The Punk and the Professor. Billy Lawrence
Чтение книги онлайн.
Читать онлайн книгу The Punk and the Professor - Billy Lawrence страница 9
$$$
As I grew more popular, my grades began to slip. My attention span struggled. It was as if I couldn’t handle having friends. But I had to change. I had to be crazy. There would always be a big one and a smart one and a dirtbag one, but there needed to be a crazy one with guts. My theatrical reciting of wrestling promos and lines from Scarface put me on the map.
“Oh, he’s so dramatic,” the hall monitors would say.
I took what I saw in movies, music, and professional wrestling and regurgitated it to be funny. Sometimes it worked, sometimes it didn’t, and sometimes it got me into trouble. But it always got me attention.
The world was changing for Steven and me, and our group was expanding. The Kennedy’s also lived on Venice on the block right between us. We were filling in representation all the way down the street. Nothing could stop us.
8
WE PULLED UP into the long circular driveway. The lawn, where a full sized tennis court once stood in the middle, was now bright green sod. A goldfish pond was on the far side of the property and large hedges shielded the house from the street and from the neighbors on both sides. We parked in front of the giant white house, what seemed to us like a mansion— two floors, five bedrooms, four bathrooms, a sun room, a family room, an office, and a giant living room with a grand piano and a bay window overlooking the Great South Bay. In the summer their sailboat and speedboat were right outside in the canal on their personal docks. Two expensive cars were parked in the driveway out front.

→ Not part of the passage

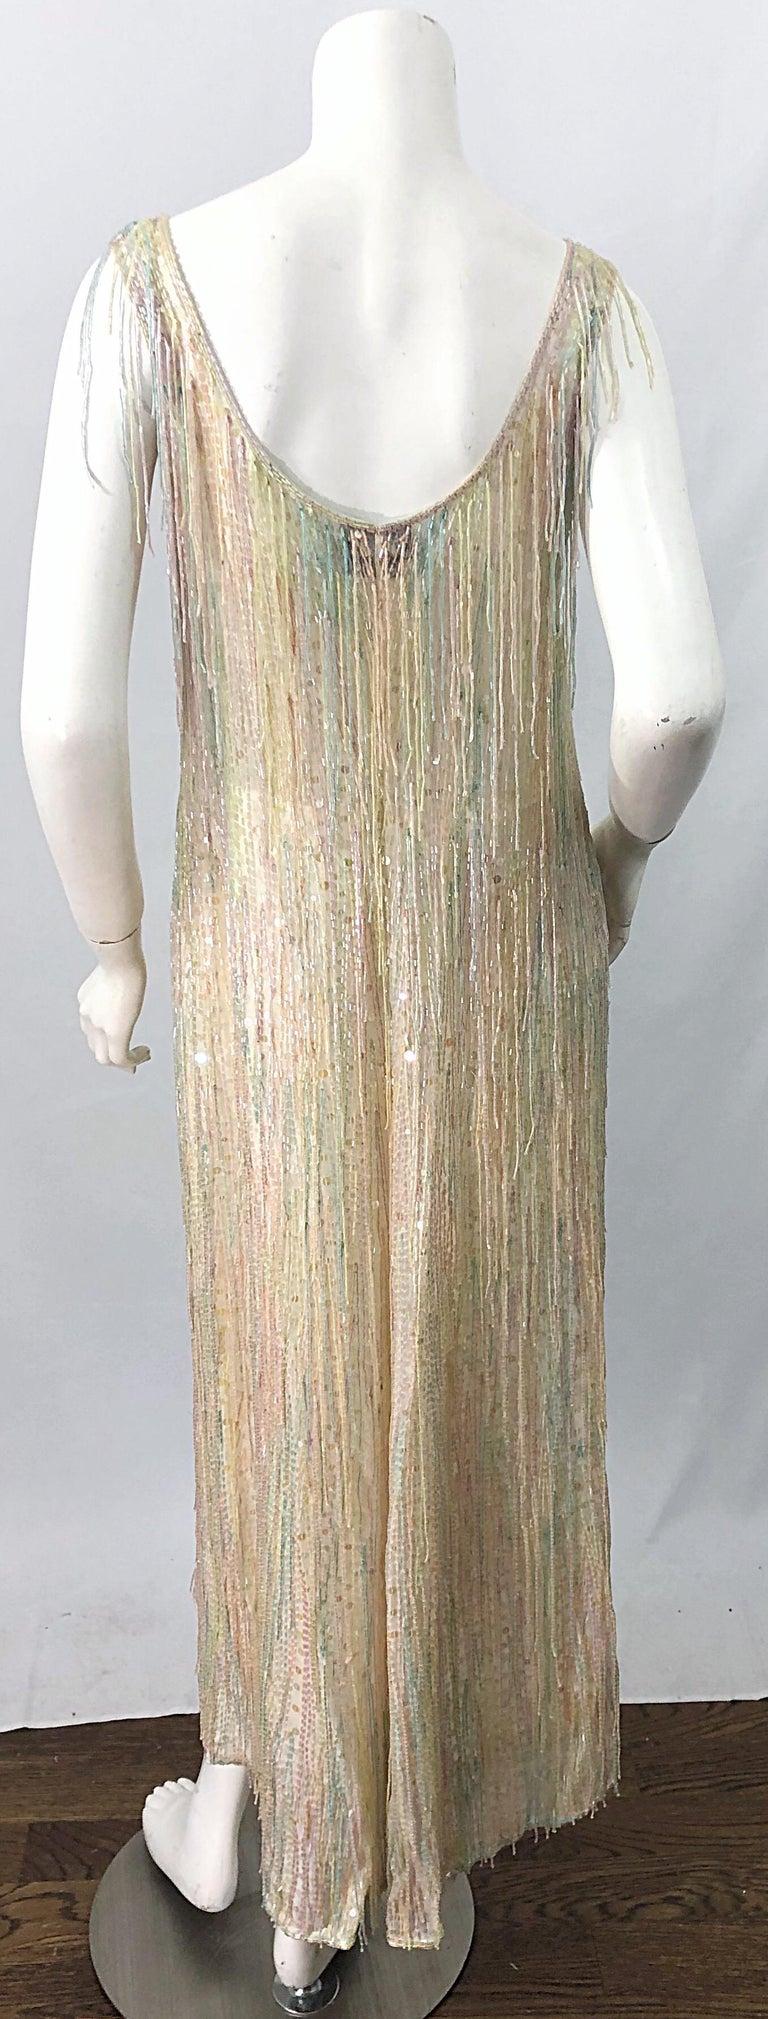 Halston MET Musuem 1970s Fully Fringed Beaded Flapper Style Vintage 70s Dress For Sale 1

We walked into a kitchen and dining room overflowing with food and drink. Abundance to the brim.
The family was small, but full and loud— four great aunts, three great uncles, a few cousins, second cousins, and third cousins. The aunts were the loudest, especially when they drank. The men were quiet and reserved.
Christmas was grand like a Roman festival. The giant tree stood in the living room next to the piano. Upon arriving, all the kids would run right to the mound of gifts to seek out packages with their name on it. There was tons of food too. All my great aunts, and my grandmother, were doing quite well at this point. Aunt Judy was doing the best. By this point, she had four homes. Judy would get out of her Jaguar and enter the house with a long fur coat, a dead animal on her head too, and big diamond rings and necklaces. All the ladies had jewelry. This was show time. The experience of being around all their flashy possessions gave me perspective. I also usually got twenty dollar bills, which wasn’t a lot coming from people who flaunted their goods, but I guess I was lucky to get anything at all. My mother had years where she had to borrow money just to get a tree, and yet we were in the same room with millionaires.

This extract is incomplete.